Grabbing an OLED TV won’t be the only option if you want the crisp picture quality of organic LEDs for your computer next year, as LG brings the tech to the desktop.
Monitors have had quite the workout since the work-from-home world took off in the pandemic, but in the past couple of years, the technology has seemed to largely stand still.
Oh sure, a big screen with a large resolution has been great, but the technology in monitors hasn’t changed dramatically, with only a handful of companies showing something new. Dell, for instance, used last year to launch a Mini-LED monitor, which is kind of an LED-based option for screens that want the picture quality of an OLED, but haven’t quite rustled up the whole organic light emitting diode component.

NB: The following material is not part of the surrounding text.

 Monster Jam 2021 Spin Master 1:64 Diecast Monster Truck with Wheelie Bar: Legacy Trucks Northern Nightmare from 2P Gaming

And with no OLED monitors to choose from, that hasn’t largely been a surprise. If you wanted the crisp look of an OLED panel on your desktop, your option was largely to just buy an OLED TV and set it up on your desktop, something not so dissimilar from what gamers might do if they wanted gaming syncing technologies to work from a PC on an OLED screen.
That may change in 2022.
LG has announced that we’ll see two sizes of OLED monitors next year, as it starts to prep its CES announcements for next year before the end of this year, something LG is known to do.
Ahead of CES 2022, LG is talking up a 4K 3840×2160 resolution in its 27BP95E and 32BP95E, two screens that basically need to be read as the 27 inch OLED monitor and the 32 inch OLED monitor, respectively, because that’s what they are.

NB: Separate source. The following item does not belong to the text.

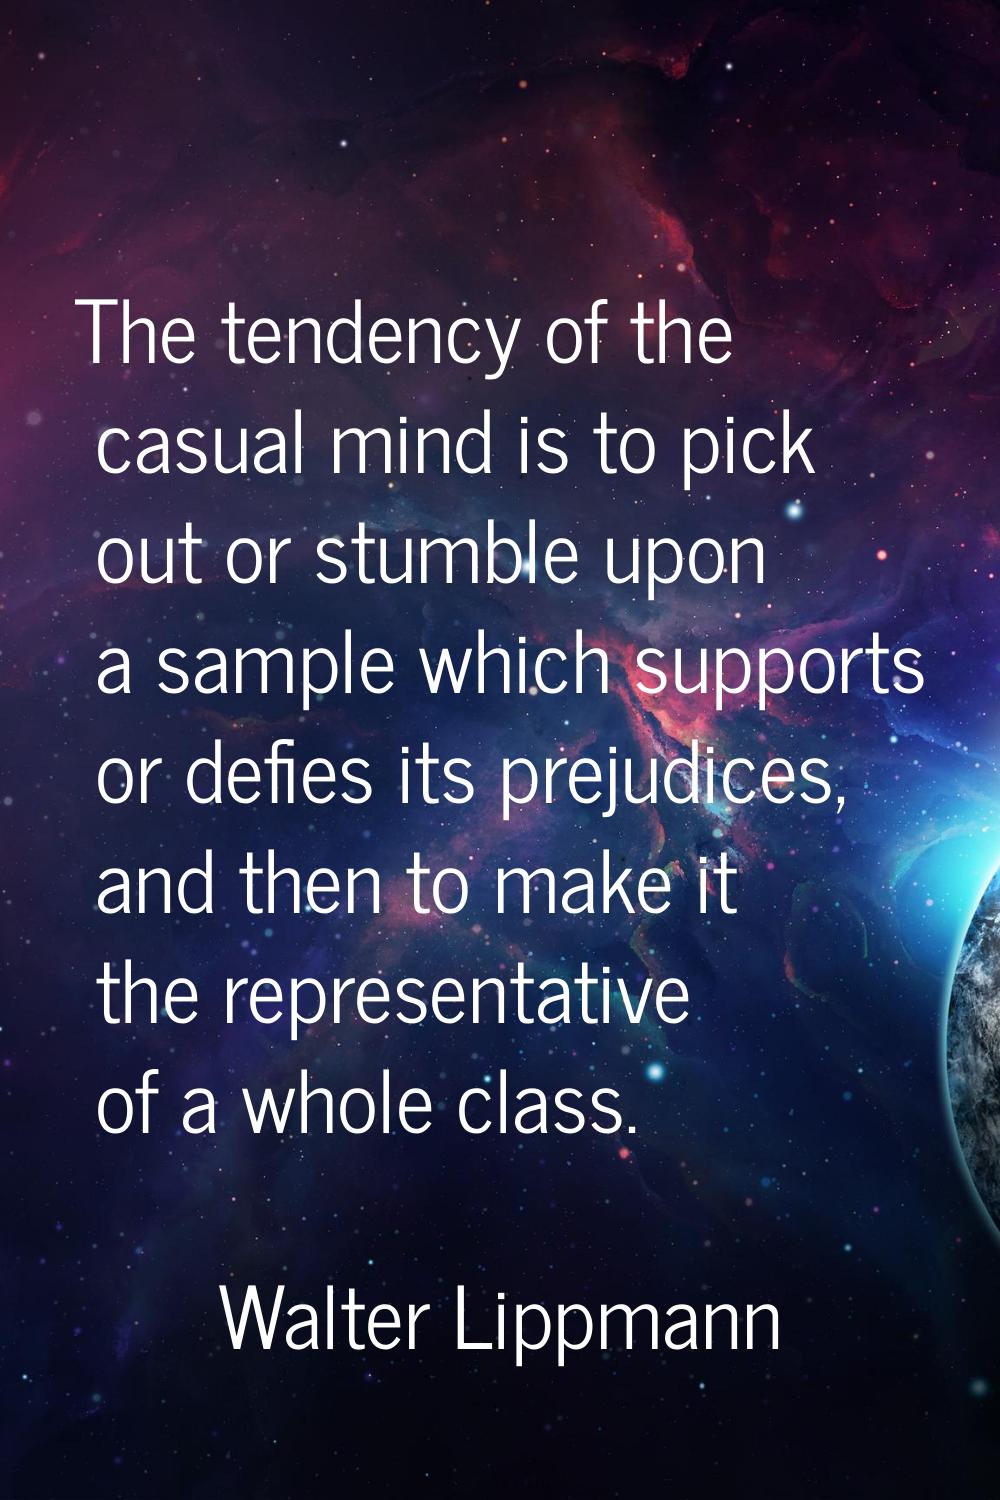 The tendency of the casual mind is to pick out or stumble upon a sample which supports or defies it

Each screen offers that 4K resolution as well as 99 percent of the DCI-P3 colour space and 99 percent of the Adobe RGB space, arriving with detachable self-calibration sensors, LG’s calibration software, and a monitor hood to keep the glare down, plus a way to pivot the monitor to a vertical position on the stand itself.
Part of LG’s “UltraFine OLED Pro” range, they’re basically geared at folks who need colour reproduction accuracy, gearing these at artists, video editors, animators, and so on, but they should also work for most needs, though we’ve not yet heard if these will support gaming technologies, such as AMD FreeSync or NVidia G-Sync.
For now, these screens are firmly placed in the premium monitor part of the market, but also without a price, with LG not yet announcing Australian pricing for its OLED Pro monitors. Our guess is they won’t be cheap, but they may be launching in Australia as early as January, so stay tuned and start saving if you’re interested.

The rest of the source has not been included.